Касл прищуривается, его глаза сверкают в свете флуоресцентных ламп, а руки двигаются высоко над головой, как венчики для взбивания яиц. Со столов поднимаются все ложки, чашки и миски и зависают в воздухе, предостерегая каждого, кто осмелится говорить, кричать или как-то по-другому выражать свое несогласие.

— Вы к нему не притронетесь, — спокойно говорит он. — Я дал себе клятву помогать всем тем, кто похож на нас. Не изменю я ей и сейчас. Вспомните самих себя! — выкрикивает он. — Вспомните тот день, когда каждый из вас обнаружил свой дар! Подумайте об одиночестве, об ужасе, охватившем вас тогда! Вспомните, как от вас отвернулись друзья и отказались семьи! Вы не думаете, что он может измениться полностью? А как же вам тогда удалось измениться, друзья мои? И вы еще осуждаете его! Вы судите такого же, как вы, просящего о помиловании! — Касл смотрит на них с отвращением. — Если он сделает что-то такое, что повредит кому-то из нас, если он хоть чем-нибудь нарушит верность нам — только тогда вы будете иметь право судить его. Но сначала мы должны предоставить ему шанс, разве я не прав? — Он уже не прячет свой гнев. — Он говорит, что поможет нам найти наших людей! Он говорит, что будет сражаться против своего отца! Он владеет ценной информацией, которая будет для нас очень полезна! Почему мы отказываемся предоставить ему возможность доказать правоту своих слов?! Он же просто девятнадцатилетний ребенок! И он один, а нас вон сколько!

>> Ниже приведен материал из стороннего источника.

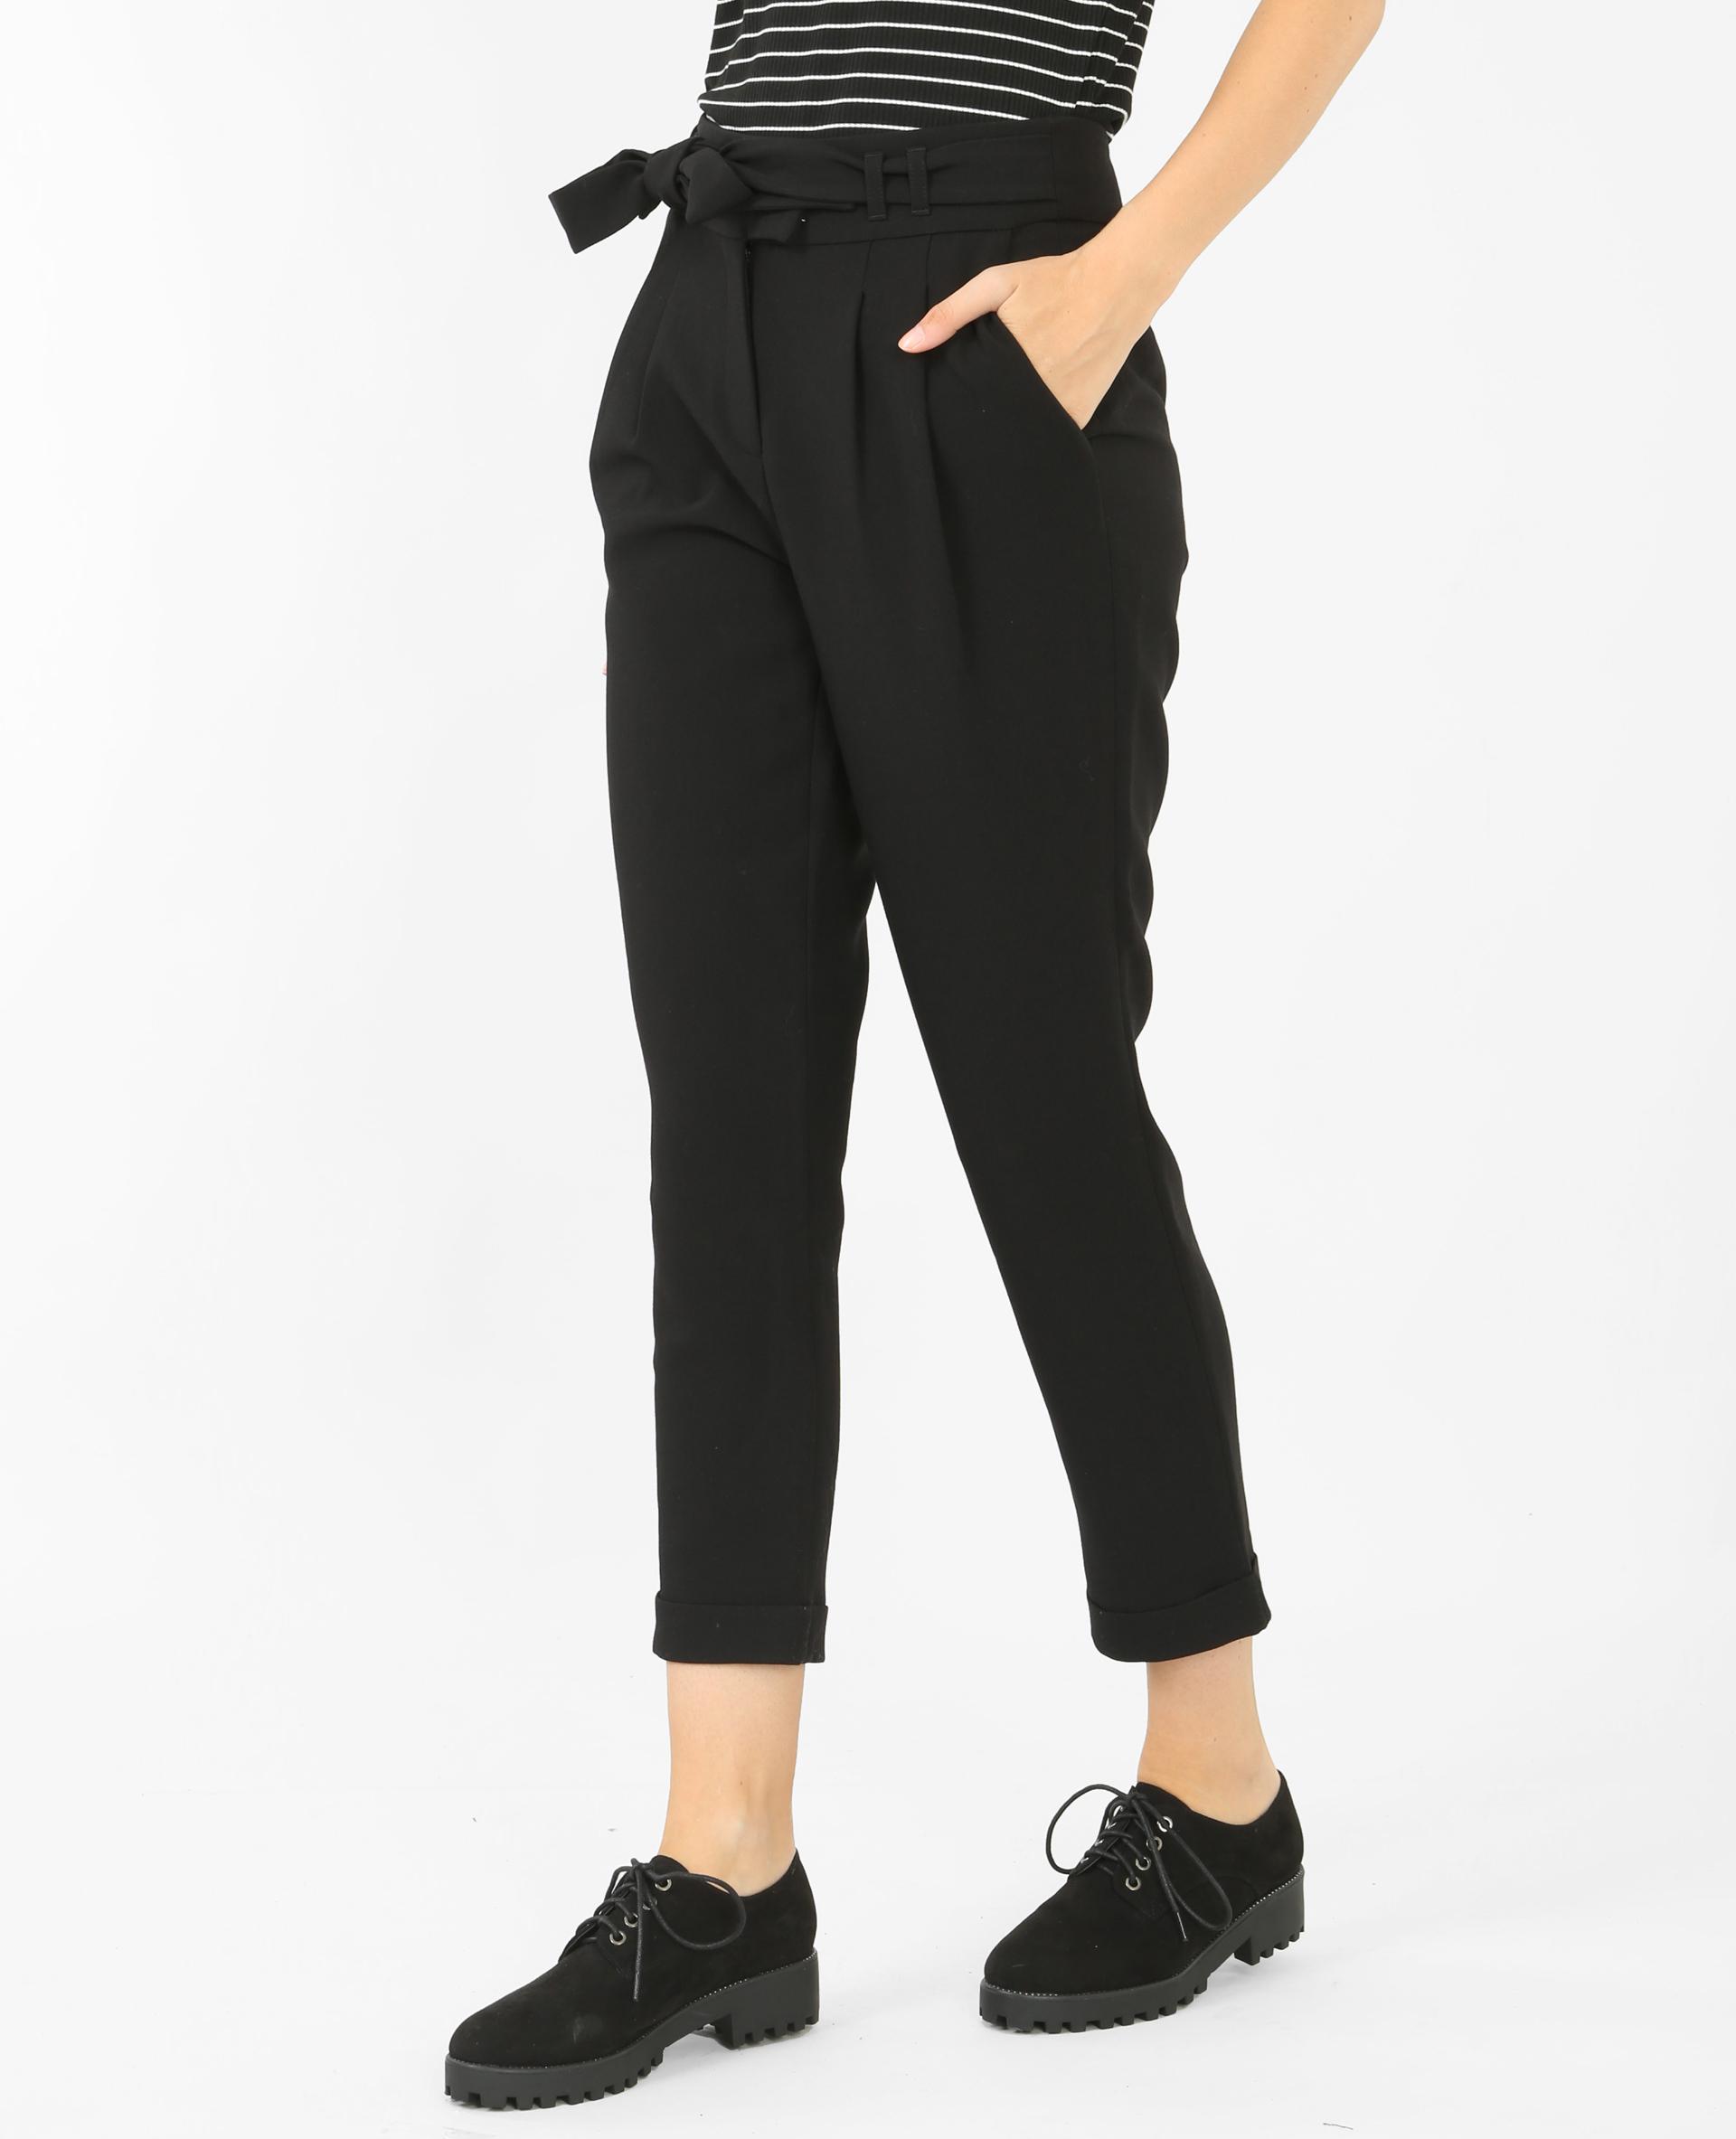 pantalon carrot noir 145166899a08 pimkie. Black Bedroom Furniture Sets. Home Design Ideas

Толпа притихла. Кое-где слышен шепот, до меня доносятся обрывки фраз и отдельные слова: «наивность», «смешно» и «он сделает так, что нас всех убьют!», но никто при этом открыто не высказывается, и мне становится немного легче. Я не верю в то, что чувствую прямо сейчас. Лучше было бы, если бы мне вообще было наплевать на то, что может случиться с Уорнером.

Лучше было бы, если б я тоже желала ему смерти. И не испытывала бы к нему никаких чувств.

Но я не могу. Не могу. Не могу.

— Откуда вам известно? — спрашивает кто-то. Это новый голос, спокойный, уравновешенный и достаточно разумный.

Этот голос принадлежит тому, кто сидит рядом со мной.

Адам поднимается со своего места. Нервно сглатывает. И продолжает:

— Откуда вам известно про его дар? Вы его уже тестировали?

И переводит взгляд на меня. Касл тоже смотрит на меня, причем так внимательно, будто одним взглядом пытается заставить меня заговорить саму. В этот момент я чувствую, будто уже вдохнула весь воздух, находящийся в этом зале, будто меня швырнули в бак с кипящей водой, будто у меня остановилось сердце и оно больше никогда не будет биться, и-я-молюсь-надеюсь-только-на-то-что-он-не-произнесет-тех-слов-которые-я-сейчас-услышу-но-он-их-произносит.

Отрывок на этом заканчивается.